Explanation:
The instantaneous axis of rotation passing through the center of mass (CM) corresponds to the angular velocity vector of the disc's rotation about its own center of mass $(\mathbf{\omega }_{CM})$. This vector is always perpendicular (normal) to the plane of the disc.
In case (a), the disc is in the vertical x-z plane. Therefore, the angular velocity vector $\mathbf{\omega }_{CM}$ must be normal to this plane, meaning it points along the y-axis (horizontal).

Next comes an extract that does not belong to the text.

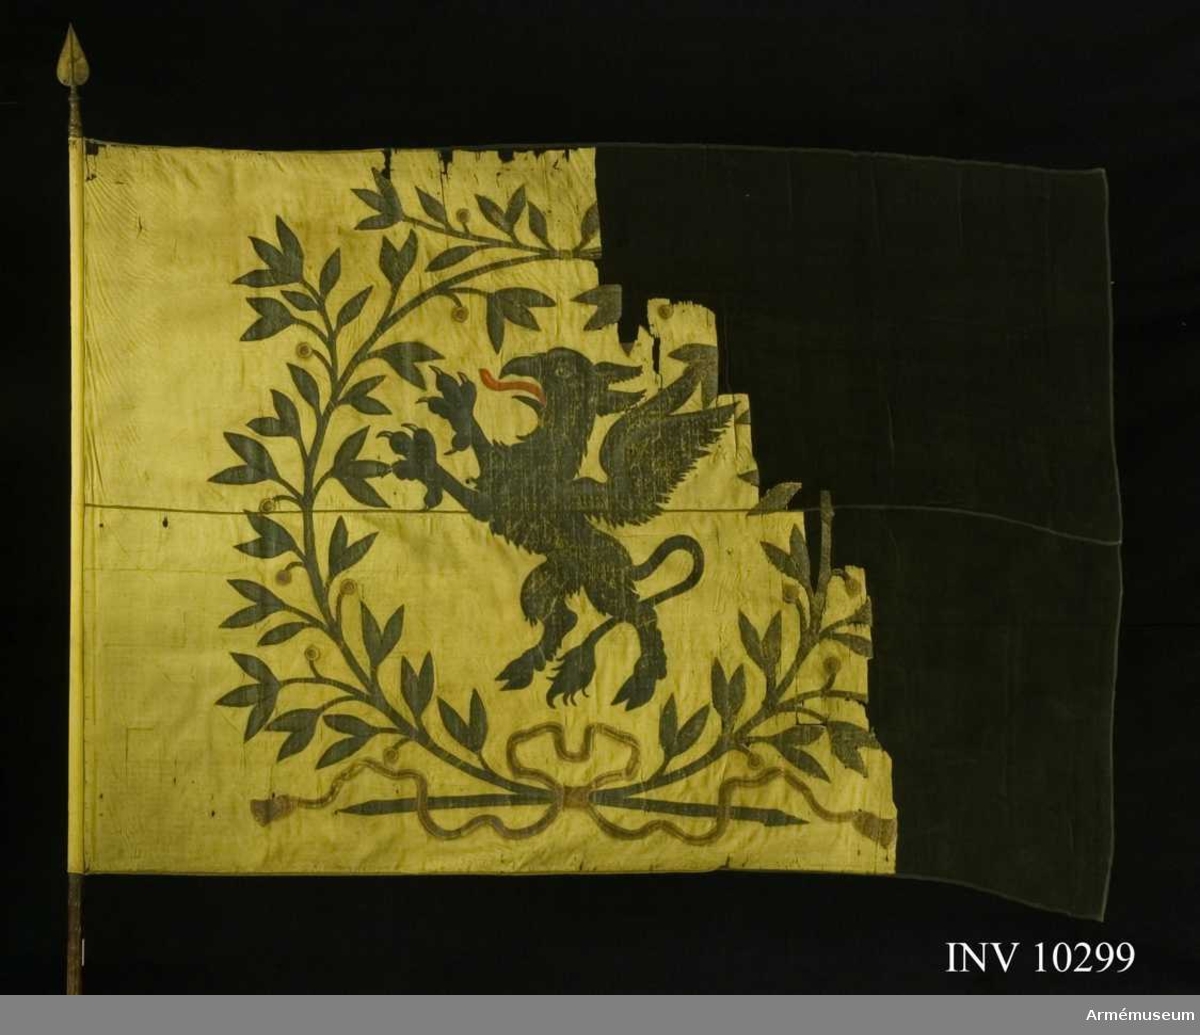 Grupp B I.
Fanduk av gul taft med målade emblem: Södermanlands sköldemärke en svart grip med röd tunga, omgivet av en krans av tvenne lagerkvistar i svart och grönt med bär i guld och rött, nedtill hopknutna med bandrosett i guld och rött. Fastspikad med gult sidenband och kupiga mässingsstift. Tillverkad 1730 av Johan Wijkman. Stång av furu, brun. Spets av förgylld mässing, holken med profilerade vulster. Bladet lansettliknande, förvaras i rullen.Tillstånd: Duken blekt och starkt fragmentarisk, övre och yttre delen saknas. De kvarvarande delarna insydda mellan crepelin.

In case (b), the disc's plane makes an angle of 45° with the x-y plane. The angular velocity vector $\mathbf{\omega }_{CM}$ is normal to this plane. This vector is at 45° to the x-z plane and normal to the plane of the disc.
The total angular velocity of the disc is the vector sum of its rotation about the z-axis $(\mathbf{\omega })$ and its rotation about the CM $(\mathbf{\omega }_{CM})$, i.e., $\mathbf{\Omega }=\mathbf{\omega }+\mathbf{\omega }_{CM}$. The instantaneous axis of rotation passes through the center of mass and is aligned with $\mathbf{\omega }_{CM}$. The description in option (d) correctly identifies the orientation of this axis in both cases.
Answer: (d) It is vertical for case (a); and is 45° to the x-z plane and is normal to the plane of the disc for case (b).